Good algorithms have regret growing much slower than $T$, ideally on the order of $\sqrt{T}$ up to logarithmic factors. That means they pay a finite price for learning, then increasingly exploit what they have learned.

UCB: optimism as a principle

A purely greedy strategy fails because early noise can trap you. If one arm gets lucky on its first few pulls, greed may keep choosing it forever. The classical repair is optimism in the face of uncertainty.

In Upper Confidence Bound methods, each arm is scored by an estimate plus an exploration bonus:

$$\text{score}_a(t) = \widehat{\mu}_a(t) + \text{bonus}_a(t).$$

Arms with uncertain estimates get larger bonuses, so the algorithm is systematically drawn toward options that could plausibly be better than they currently look. UCB is attractive because the logic is transparent and the guarantees are frequentist: they hold uniformly over all problem instances in a class, not just on average under a prior.¹

The price is that UCB can feel somewhat rigid. You have to design the right bonus, and in richer models those bonuses can become technically delicate.

Thompson Sampling: exploration by posterior sampling

Thompson Sampling takes a different route. Instead of building an upper confidence bound, it maintains a posterior distribution over unknown parameters and samples one plausible model from that posterior. It then acts greedily in the sampled model.²

This gives a beautifully simple behavior. If the algorithm is nearly sure which arm is best, the posterior sample will almost always agree and it will exploit. If several arms still look plausible, they will each be sampled with noticeable probability and the algorithm will explore. Exploration is not added by hand; it emerges from uncertainty.

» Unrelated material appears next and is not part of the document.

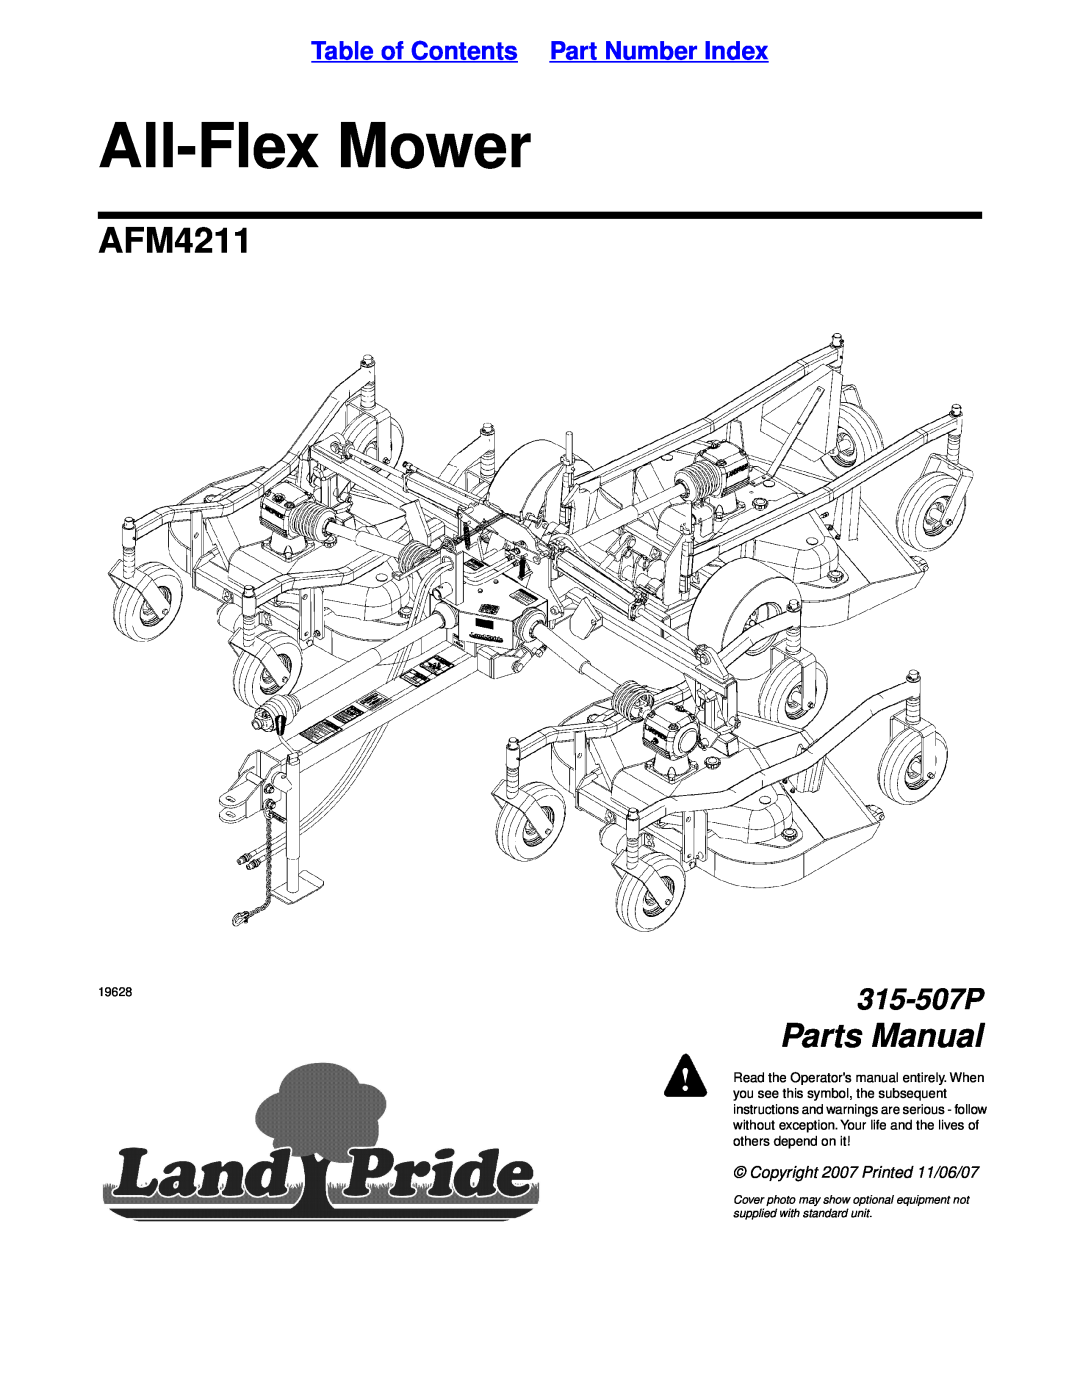 Land Pride AFM4211 manual Table of Contents, All-Flex Mowers, Operator’s Manual, 315-507M, 11/14/08, others depend on it

This is one reason Thompson Sampling is so appealing in practice. It is easy to describe, easy to implement in many Bayesian models, and often performs strikingly well empirically. But it raises a natural question: why should sampling from a posterior automatically produce good regret?

The Russo–Van Roy framework

The cleanest answer comes from the information-theoretic analysis of Russo and Van Roy.³ Their key object is the information ratio, which compares what the algorithm loses at a round to what it learns from that round.

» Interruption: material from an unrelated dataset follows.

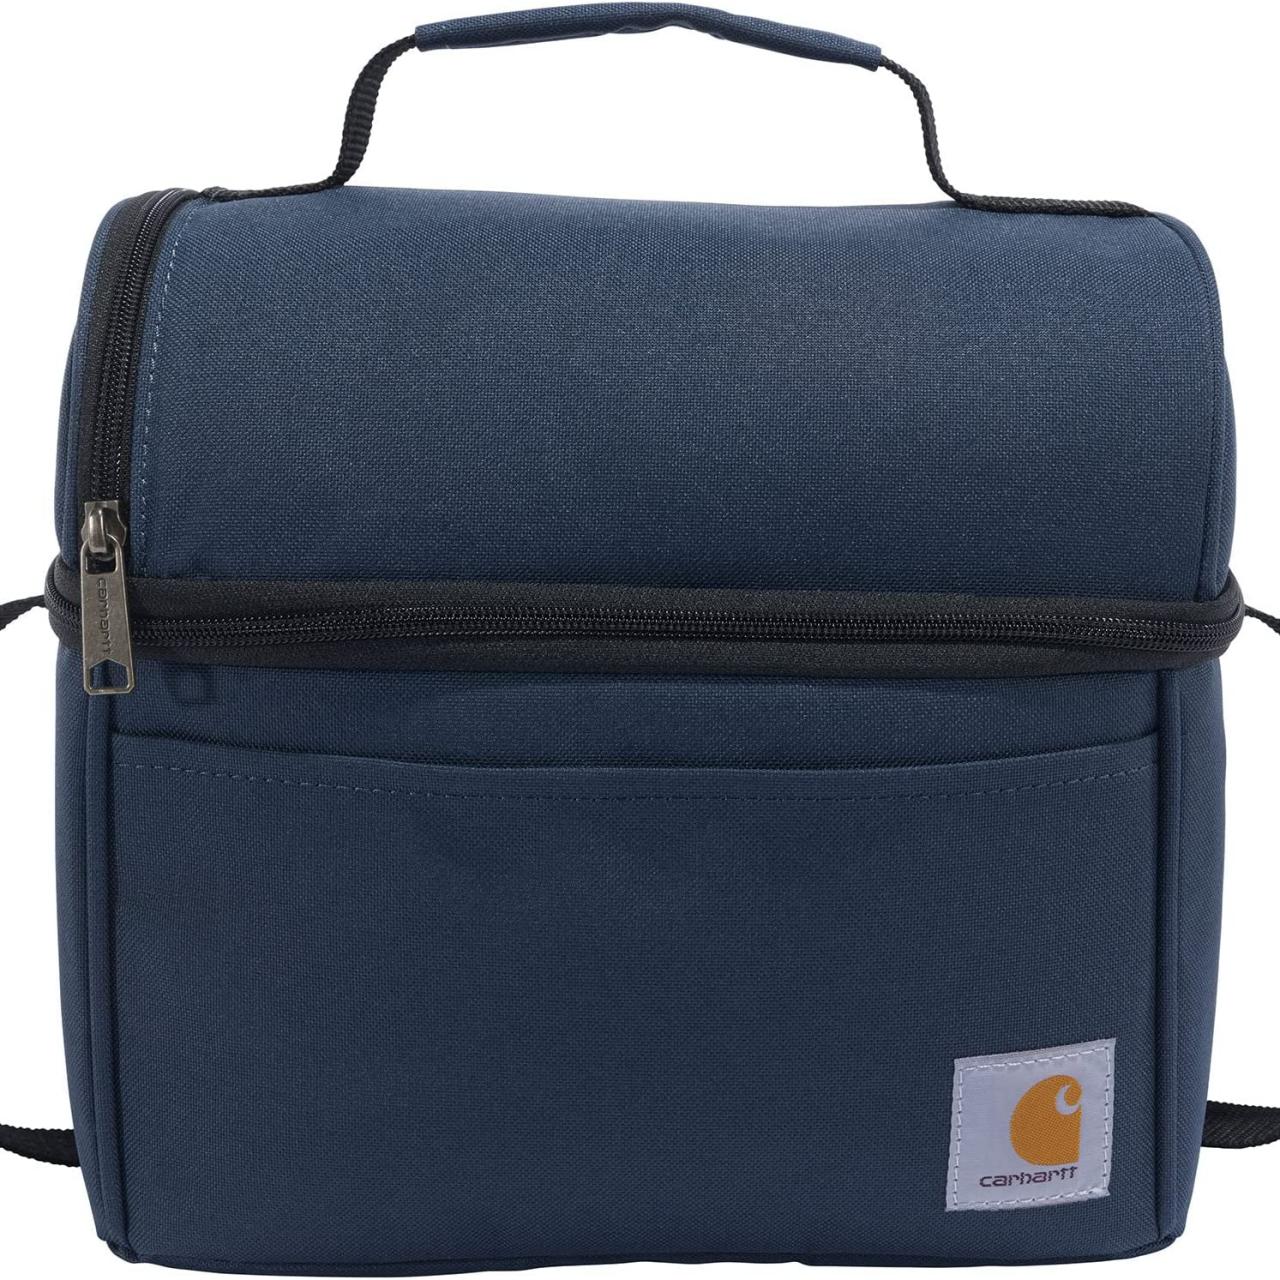 https://food.fnr.sndimg.com/content/dam/images/food/products/2022/7/21/rx_carhartt-dual-compartment-lunch-bag.jpeg.rend.hgtvcom.1280.1280.suffix/1658382767892.jpeg

$$\Psi_t = \frac{(\text{expected instantaneous regret})^2}{\text{information gained about the best arm}}.$$

If this ratio is small, the algorithm is paying regret efficiently: whenever it sacrifices reward, it is buying information that helps future decisions. Russo and Van Roy showed that if $\Psi_t \le \Gamma$ uniformly, then the cumulative Bayesian regret satisfies

$$\mathbb{E}[\mathrm{Regret}(T)] \leq \sqrt{\Gamma \cdot T \cdot H(A^*)},$$

where $H(A^*)$ is the entropy of the optimal arm under the prior. This is an elegant formula. Regret depends on three things: the time horizon, how uncertain you initially were about the optimum, and how efficiently the algorithm converts regret into information.

The remarkable part is that Thompson Sampling naturally has a small information ratio in many settings. Intuitively, it chooses an action because that action looks optimal in a plausible world. If the action turns out to be suboptimal, that can only be because there was real uncertainty about what was best, and observing the reward helps resolve exactly that uncertainty. Regret and information gain are therefore tightly linked.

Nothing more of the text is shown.